Quest'amore mi empie la vita, ne cascano da ogni parte delle bricioline per tutto ciò che mi circonda, per tutto ciò che esiste; mi sento indulgente e affettuoso per tutti e per tutto;mi sento felice, così ricco di gioia, che vorrei fare a tutti elemosine di felicità!


----------



## Alce Veloce (26 Novembre 2010)

Io dico alle donne che la faccia è la mia esperienza e le mani sono la mia anima.

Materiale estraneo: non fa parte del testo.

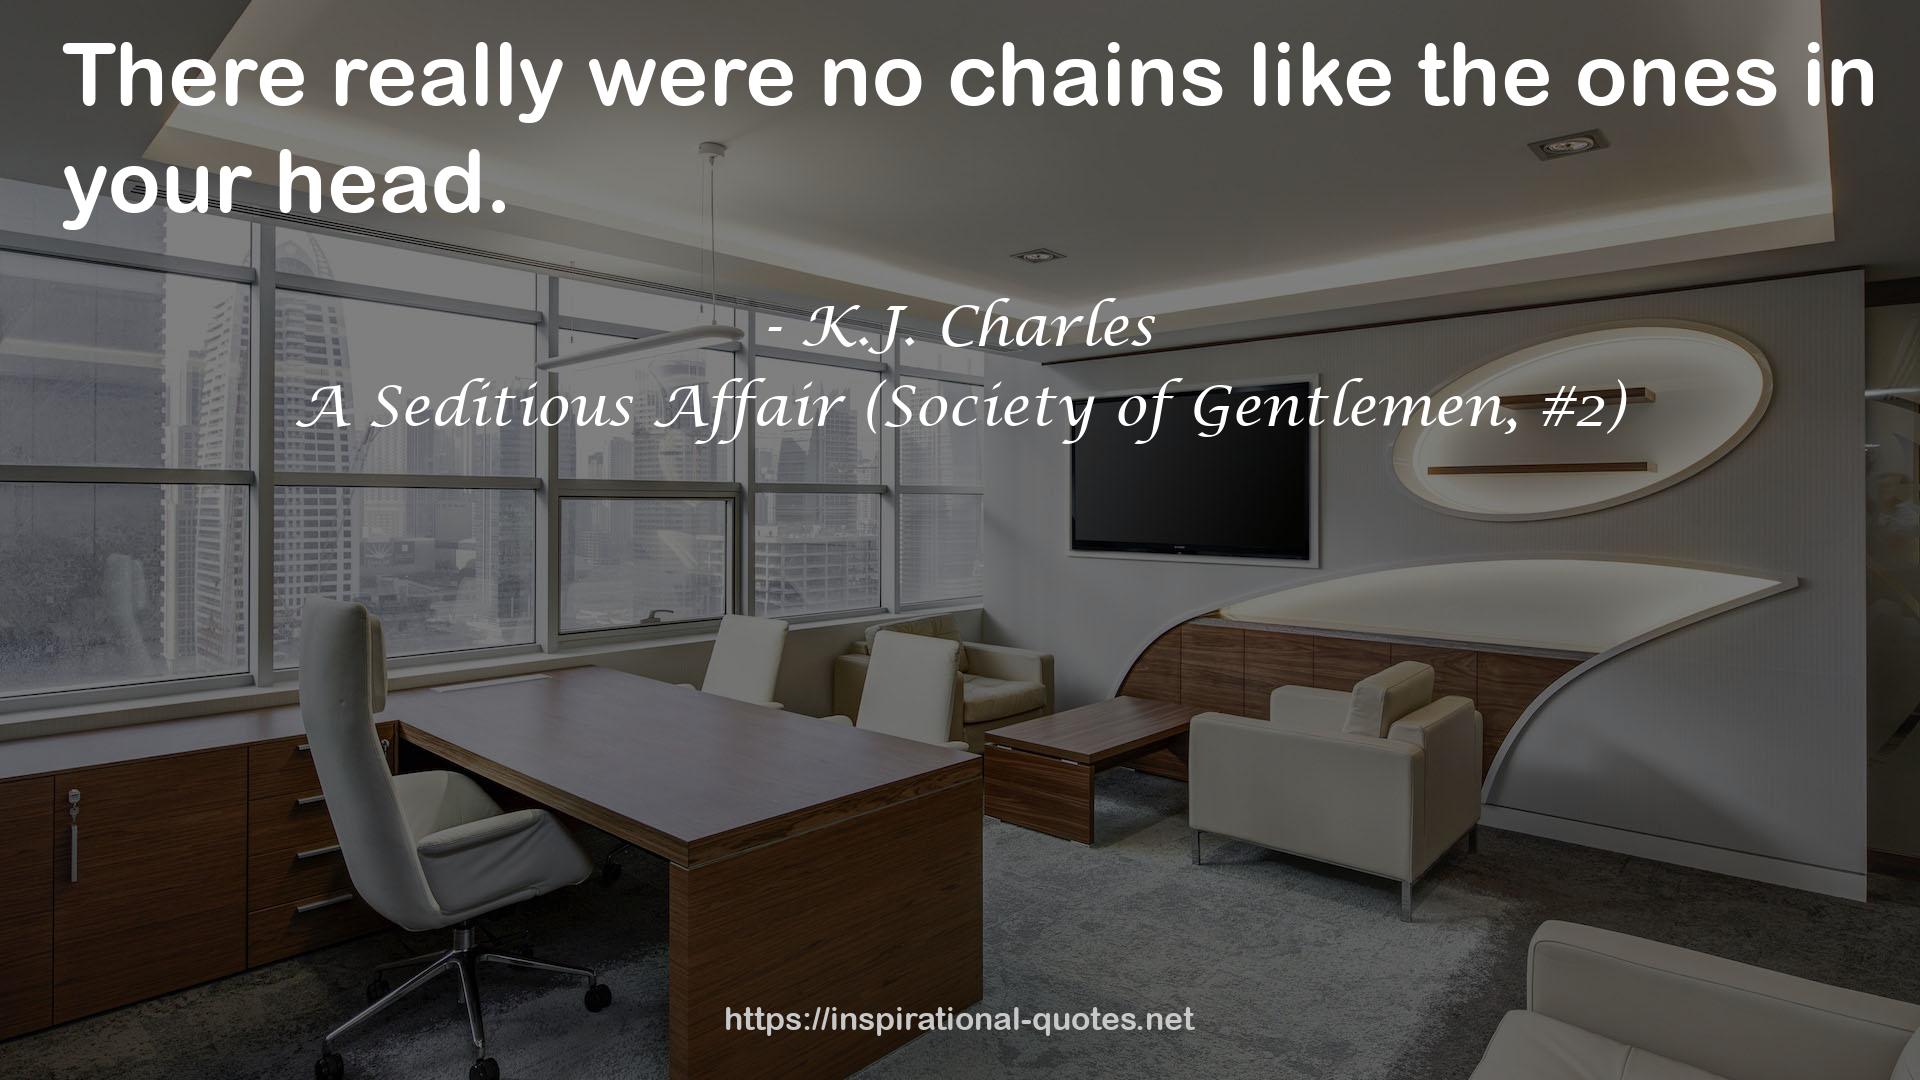 A Seditious Affair (Society of Gentlemen, #2) QUOTES

Qualunque cosa, pur di tirare giù quelle mutandine.
*Charles Bukowski*


----------



## Tubarao (26 Novembre 2010)

_*A trombasse le gnocche sò tutti i bravi, è co le racchie che si vede quanto è bravo uno....*_

Matteo detto Pocaluce, amico di Tubarao, e noto per essersi sempre accompagnato a donne diversamente belle.


----------



## Alce Veloce (26 Novembre 2010)

Tubarao ha detto:


> _*A trombasse le gnocche sò tutti i bravi, è co le racchie che si vede quanto è bravo uno....*_
> 
> Matteo detto Pocaluce, amico di Tubarao, e noto per essersi sempre accompagnato a donne diversamente belle.


 
Un mio amico, che adesso non c'è più, paracadutista, quando andava in giro per manifestazioni particolari, si guardava sempre intorno, cercava la più cessa e cominciava a battergliela.
Alla fine, lui non passava mai la notte da solo (al buio), mentre gli altri dopo aver speso tutta la sera a sbavare dietro la più carina, se ne andavano in camera da soli con le pive nel sacco a fare bricolage.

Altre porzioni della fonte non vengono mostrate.